# Teachers with guns in our schools



## budgetprepp-n (Apr 7, 2013)

Every time someone talks about teachers carrying a gun in school a bunch of snowflakes looses there mind and melts down. In a way I can see there point. I mean I would like to live in a world where guns are not needed in school. Heck I wish I lived in a world where I don't need to carry a gun to feel safe. But let's get real here. If a teacher carrying a gun is what it takes to keep my child safe then that's what I want.
Maybe we need two kinds of schools.One that has guns and one that is called
"FISH IN A BARREL ELEMENTARY SCHOOL"

Has there ever been a mass shooting where people with guns are present?


----------



## Back Pack Hack (Sep 15, 2016)

Snowflakes think they can legislate utopia into existence. It can't be done. Evil exists everywhere, all the time. Passing some stupid law like a 'gun-free zone' just really makes it a 'target-rich environment'. Murder is already illegal. But a killer doesn't care about that. So one more law on the books isn't going to stop him/her.


----------



## rstanek (Nov 9, 2012)

I uses to take my gun to school all the time in the fall, squirrel hunted on the way home, never an issue, it’s a different world today, armed teachers will cut down school shootings, cowards don’t like to be challenged.....


----------



## RedLion (Sep 23, 2015)

I refer you to the "facts about guns" thread as it provides research that armed school employees pretty much eliminates shootings.


----------



## Chipper (Dec 22, 2012)

Just stop with the gun free zone crap and say teachers and staff "maybe" and are allowed to carry guns. That simple threat and the unknown of who is or may be carrying a gun could be enough. Costs nothing to try.


----------



## bigwheel (Sep 22, 2014)

I been preaching an arm the teachers message since back when Moby Dick was still just a minner. Now what snowflakes think about it can vary.


----------



## Maine-Marine (Mar 7, 2014)

it would be nice to see a program where a teacher can get accredited as an officer and let them work as an officer during summers and when they have time

be great for full time officers that want to take vacation during the summer


----------



## Piratesailor (Nov 9, 2012)

In the day.. I remember gun safety classes in HS where we brought our rifles to school for the class.. times have changed.


----------



## Back Pack Hack (Sep 15, 2016)

I recall classmates going to the principals office......... with their rifles.

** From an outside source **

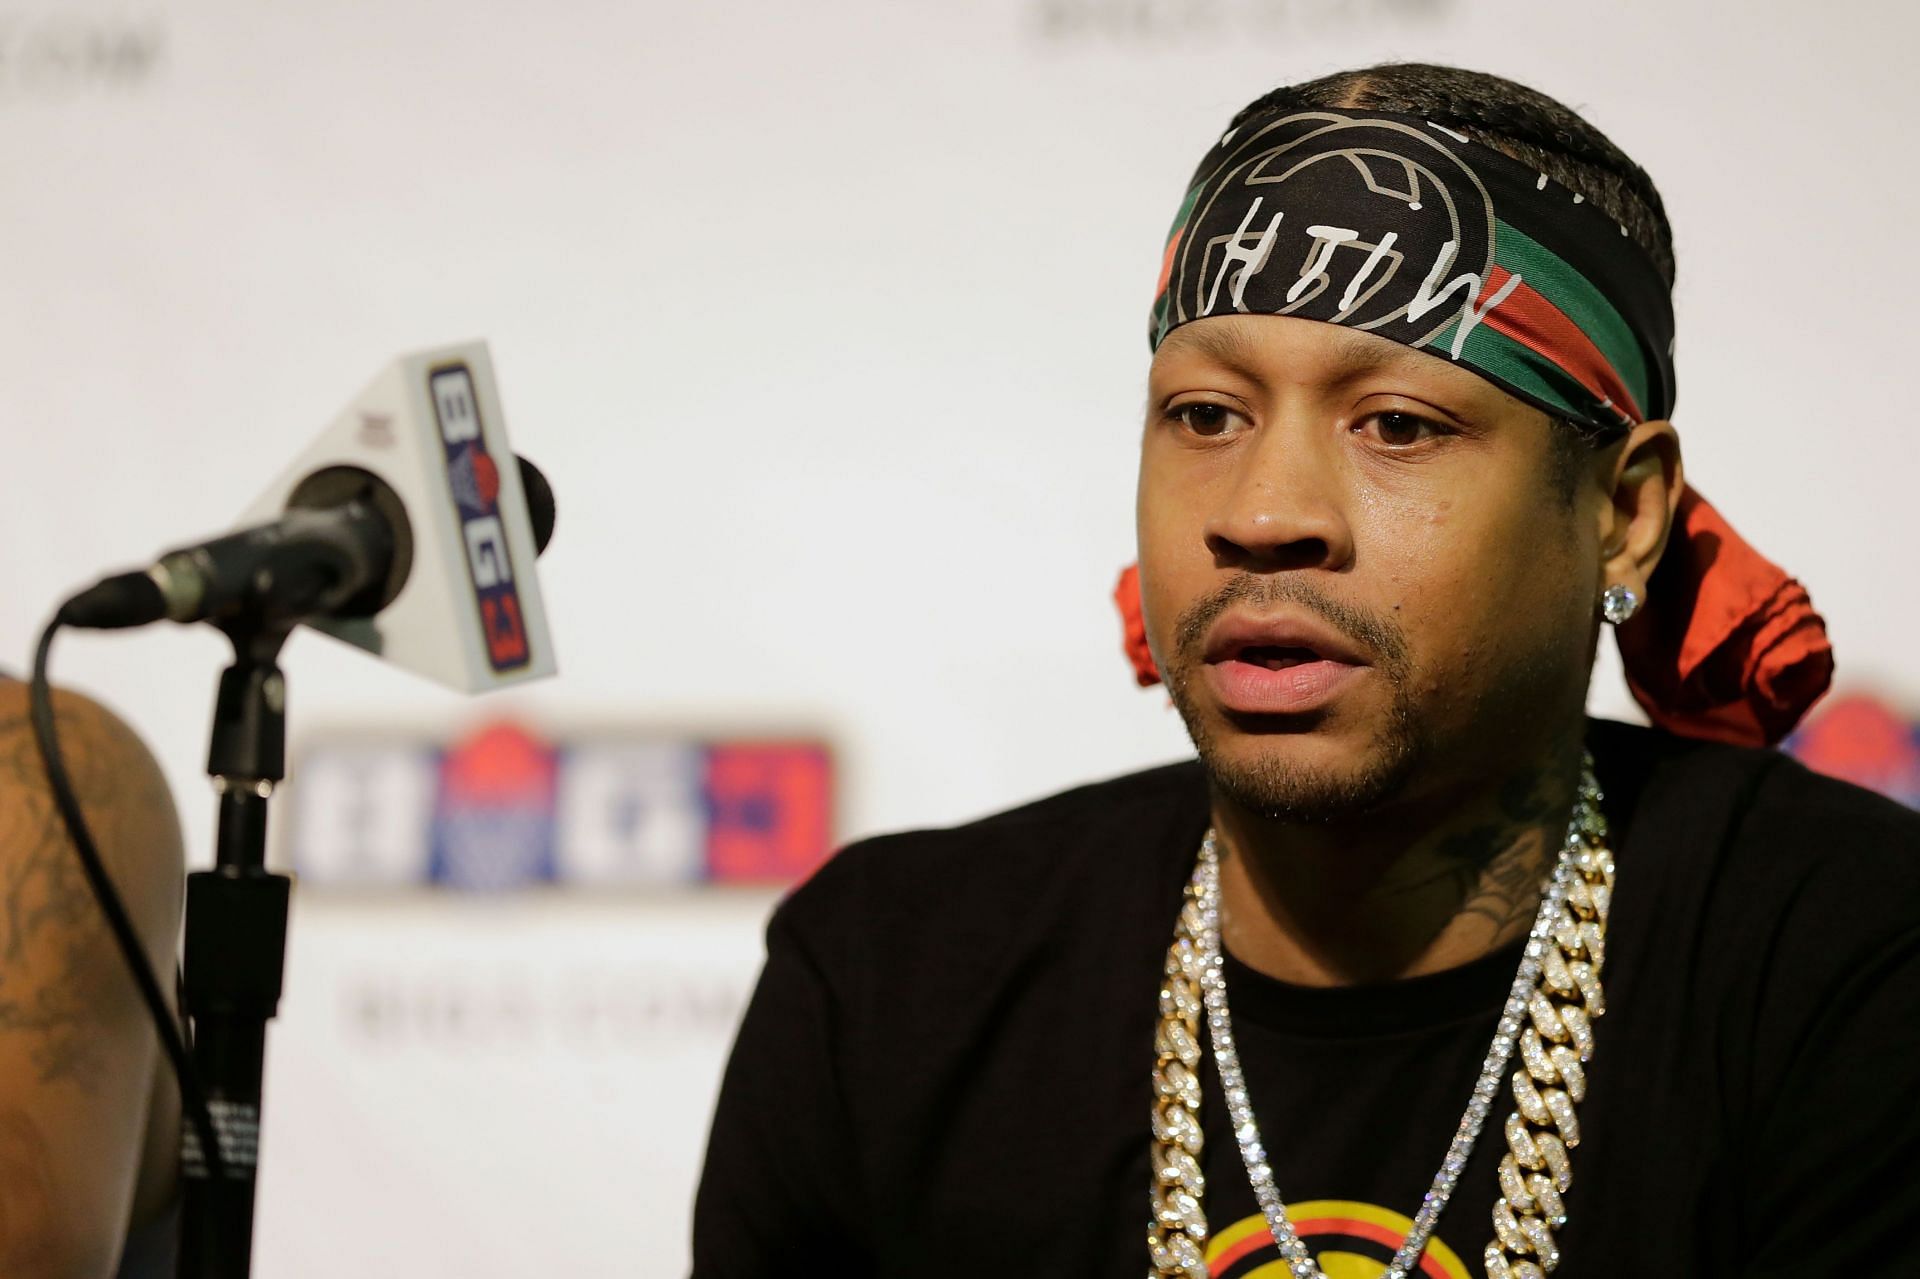 Iverson filed for bankruptcy in 2012 (Image via Getty Images)

Of course, it was to either get some pointers from Mr. Mickleson, or so they could compare their rifles.


----------



## Slippy (Nov 14, 2013)

Time to make a swap of Fat-Asses for Bad-Asses in the Local Education Systems....With all the red tape at every local school district, fire most if not all of the Fat-Assed bureaucrats and hire a couple of former military Bad-Asses per each school. 

(then fire some more wasted administrators and 90% of the school boards...:tango_face_smile


----------



## MisterMills357 (Apr 15, 2015)

One teacher with a .357 and a few speed loaders, is a match for a punk with an AR-15, IMHO. All it takes is the courage to use the .357 to kill an assailant. 
I really like the idea of arming teachers myself. There is a local sheriff who headed the committee to arm them; and he is a vocal proponent of it. 
So, there is some common-sense left in America.


----------



## bigwheel (Sep 22, 2014)

Lot of good thoughts on this topic. Sure think the volunteer highly screened teachers and staff who desire to secretly tote a gun at school..to make a little side money should undergo summer training for marksmanship...and active shooter scenarios etc. For additinal logistics each teacher should be issued a yup fanny pack..some of which might contain a gun or a summer sausage or somethng.


----------